Ben Ben - 2 months ago 10
Python Question

How do I create an empty array/matrix in NumPy?

I can't figure out how to use an array or matrix in the way that I would normally use a list. I want to create an empty array (or matrix) and then add one column (or row) to it at a time.

At the moment the only way I can find to do this is like:

mat = None
for col in columns:
if mat is None:
mat = col
else:
mat = hstack((mat, col))


Whereas if it were a list, I'd do something like this:

list = []
for item in data:
list.append(item)


Is there a way to use that kind of notation for NumPy arrays or matrices?

Answer

You have the wrong mental model for using NumPy efficiently. NumPy arrays are stored in contiguous blocks of memory.
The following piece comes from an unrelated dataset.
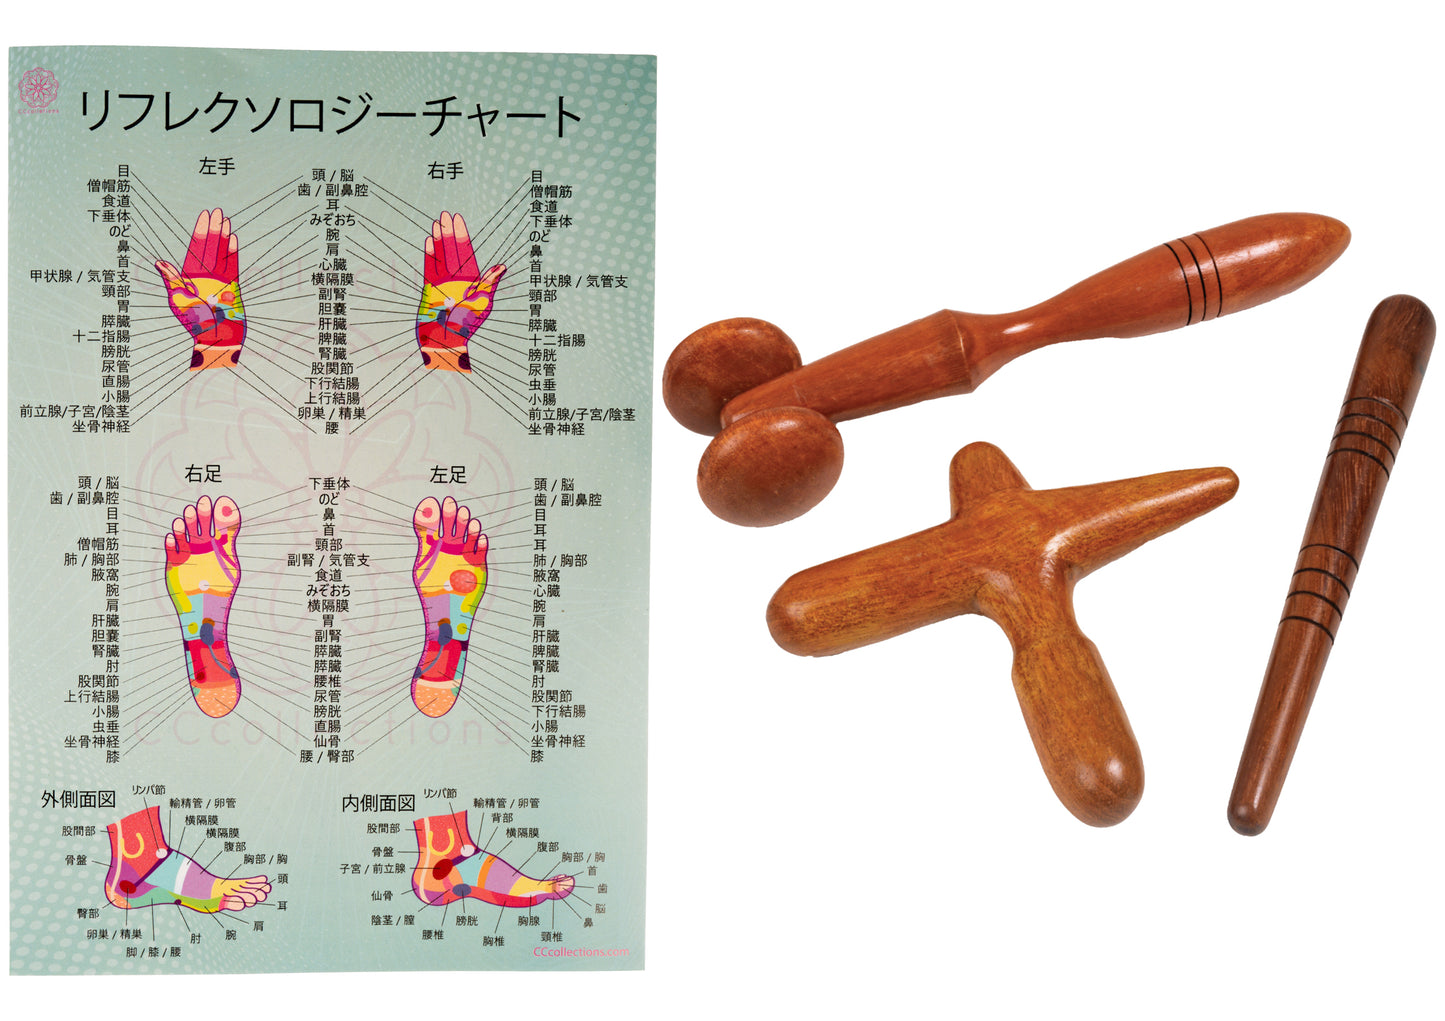 手足リフレクソロジースティック - 木製の伝統的なマッサージ用品 | CCcollections - CCCollections

If you want to add rows or columns to an existing array, the entire array needs to be copied to a new block of memory, creating gaps for the new elements to be stored. This is very inefficient if done repeatedly to build an array.

In the case of adding rows, your best bet is to create an array that is as big as your data set will eventually be, and then add data to it row-by-row:

>>> import numpy
>>> a = numpy.zeros(shape=(5,2))
>>> a
array([[ 0.,  0.],
   [ 0.,  0.],
   [ 0.,  0.],
   [ 0.,  0.],
   [ 0.,  0.]])
>>> a[0] = [1,2]
>>> a[1] = [2,3]
>>> a
array([[ 1.,  2.],
   [ 2.,  3.],
   [ 0.,  0.],
   [ 0.,  0.],
   [ 0.,  0.]])